View a list of IP addresses that have been detected as the source of attacks and added to the blacklist to block connections for a certain period of time. Shows IP address that have been locked.

IPs get added to the blacklist for a short period of time. By watching the blacklist (it doesn’t keep logs) I spotted some familiar IPs popping up.

I’ve added the Cloudflare IPs to the IDS exception list (it allows address ranges) and raised a ticket with ESET to ask them how I keep that list up to date as Cloudflare can’t be expected to keep the full list of IPs static.

I’m pretty sure that’s the problem but I won’t know for sure until I have a few days of data (a few days of no 525 errors).

Many thanks again for all your help - I hope this writeup goes some way to help others in the future.

4 Likes

Glad you eventually found what was blocking it. Something blocking and rejecting the connection on the server is typically the reason for a 525. Did you find out why it did not get blocked in an unproxied context?

1 Like

That list is quite static. There’s only one time in my memory where the list changed, and that was quite recent. A few small ranges were reallocated and removed from the list.

UPDATE: p.s. We all got notification of that change…at least I think everybody did.

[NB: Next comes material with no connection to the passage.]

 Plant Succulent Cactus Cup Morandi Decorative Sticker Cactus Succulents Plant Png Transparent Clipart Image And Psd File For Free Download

It was a hot topic here for a week or two.

2 Likes

Did you find out why it did not get blocked in an unproxied context?

I think it’s because when you’re unproxied, the IP the server sees (that ESET sees) is the IP of the user. Each user in that case would have their own IP from the point of view as the server. As soon as you are proxied, our server only sees Cloudflare’s IP ranges.

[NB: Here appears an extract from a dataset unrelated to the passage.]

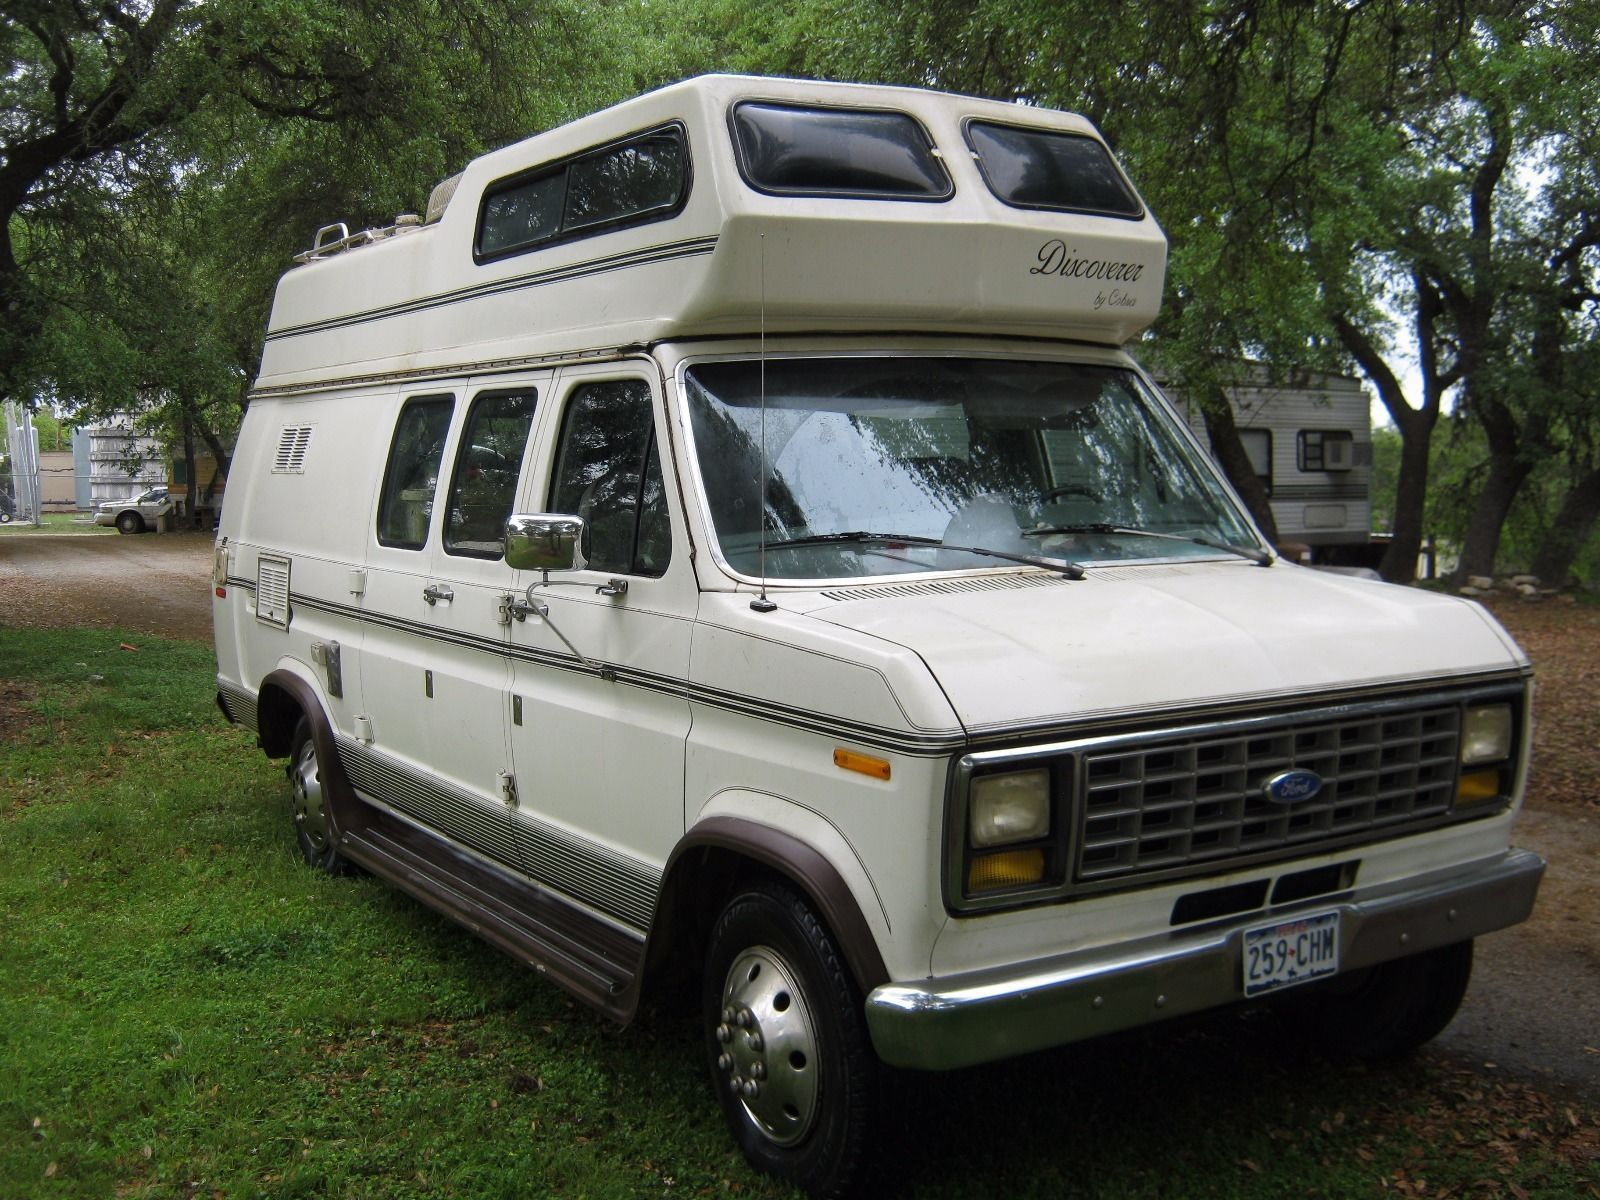 1991 Canyonlake Tx 2 Campers For Sale Canyon Lake Canyon Lake Texas

If a hacker is trying to gain access, they will have the same Cloudflare IP as a user who is just using the system normally.

That list is quite static. There’s only one time in my memory where the list changed, and that was quite recent.

That’s good to know, thank you.

So it is a sort of rate limiting then? Yeah, sure, that will explain why it behaved differently. That was actually the reason why I asked :slight_smile:

The other thing is, I am surprised by the cipher error, as that would suggest the connection was dropped for another reason.

1 Like

I agree - that is odd. What might be happening is that ESET is refusing during the handshake after “Hello” and that gets interpreted as a cypher mismatch. Andronicus (Cloudflare tech) said that if it was a cypher mismatch then connection would be impossible rather than intermittent - which makes sense.

I would be delighted to get into the details about why it was at that specific point but I doubt ESET are going to divulge much.

Yeah, that could be, though then it would still not be a cipher mismatch and the error message rather misleading.

Not if the mismatch only occurs occasionally for whatever reason. I addressed that at Intermittent 525 SSL - #29 by sandro

I guess the most likely explanation will be the misinterpreted connection drop.

1 Like

Thanks for the explanation. And good thing I asked because we also use ESET File Security 7 in all our servers. The 525 error rate in the last 24 hours was 0.02% but just in case I have added the Cloudflare IPs to the IDS list as well.

2 Likes

Also, just looked at the Web Analytics tab and filtered by 525 codes… This looks very strange - I wonder if Cloudflare changed anything over the last week or so.

[EDIT] I have previously raised the possibility of Windows Update or memory upgrade influencing this but this is not possible as the same drop is reflected on a different subdomain that’s not hosted on my own server, therefore not impacted by either Windows Update or memory upgrade. It points out to some change on Cloudflare’s side.